>flesh and words
April 9, 2008 § Leave a comment
I feel like a superhero: Kim was supposed to go with me to see Tobias Wolff read tonight at Barnes & Noble, but she pulled her back and spent the day at home, in pain. When I got home from teaching, I collected my leftover meds from when I pulled my back in November. I threw on my jogging clothes, and ran to her house with a Ziploc full of goodies.
I told her I would like to become a jogging nurse. It feels good to make people happy by administering pills. She suggested I would do better as a drug dealer. It’s nice to know I have options.
Once again, my body felt so good in motion.

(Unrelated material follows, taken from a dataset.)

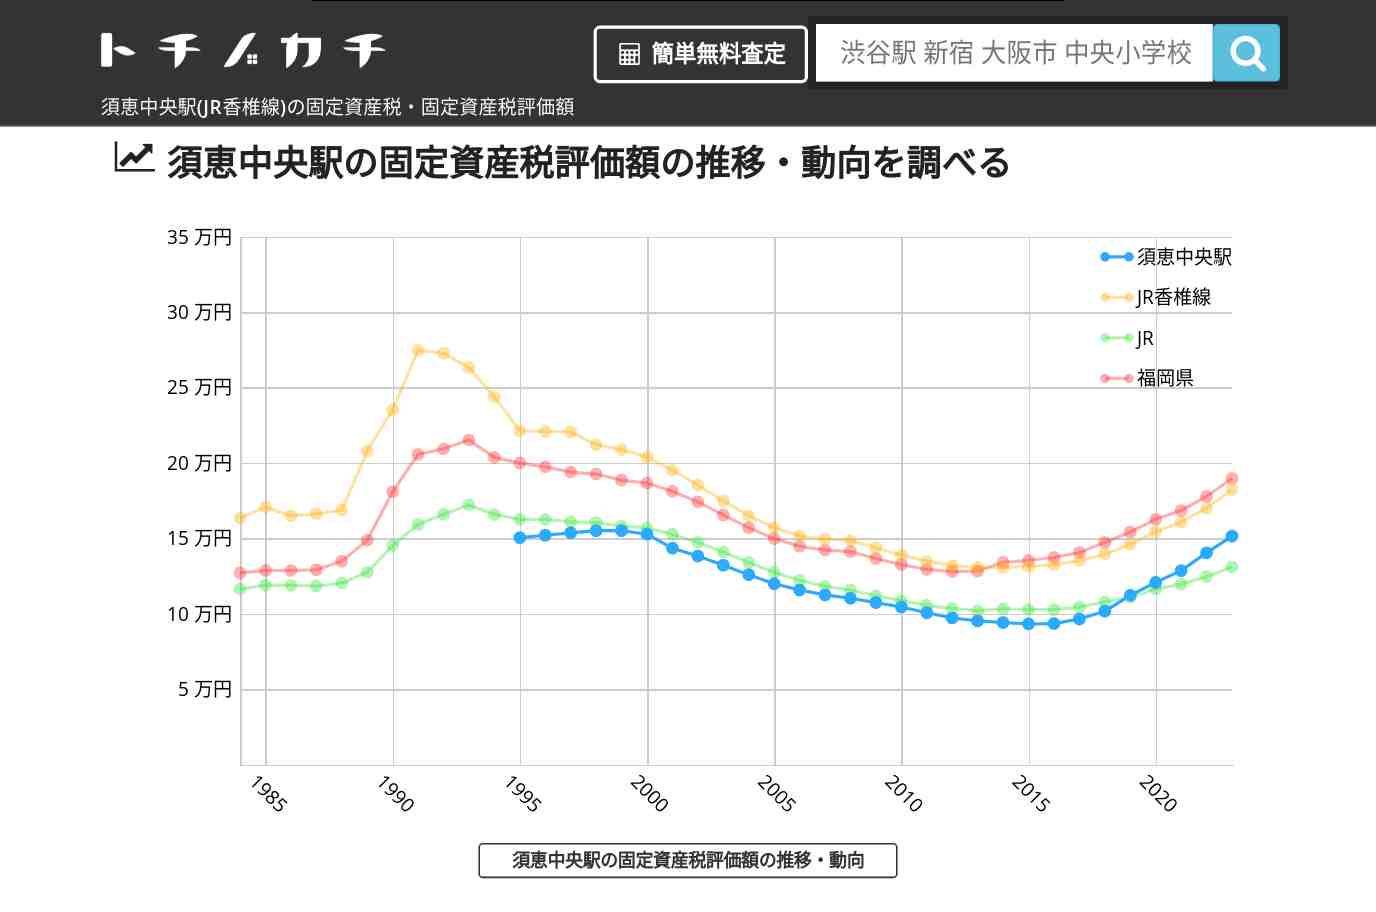 須恵中央駅(JR香椎線)の固定資産税・固定資産税評価額 | トチノカチ

I still went uptown to see The Great Tobias Wolff read.
He was taller and lankier than I imagined. I was shocked by how normal it became, after only minutes, to sit so close to Tobias Wolff and listen to him read. Maybe the neon Barnes and Noble lighting jarred the romance.
Don’t get me wrong for one second. I am absolutely in awe. But Toby was pushing it a bit with the talking dog story, “Her Dog.”
He acknowledged this: “The fun of being a writer is throwing the dice every so often.” But dog stories!
Hester Kaplan has a great anecdote. She sent her publisher a story about a dog, and her publisher wrote back, “No more f-ing dog stories!”
Toby appeased me: “There are no other talking-dog stories in my oeuvre, but now I’ve got one.”
You know what, Toby? You can do anything you want and I will follow you down. Nobody else can stand in front of a crowded bookstore and say that writing is “a heroic attempt to get at the truth through the agency of the imagination.” Who talks like that? I’ll tell you who: The Great Tobias Wolff.
Tomorrow night: my second Toby reading. And this one is located in an independent bookstore, which I believe is the opposite of B&N. I’m going to be riding on the next humpback whale to outer space (i.e. heaven).
Brian Bouldrey prescribes Zen or Amish country, this website, and Chekhov plays for my ailments.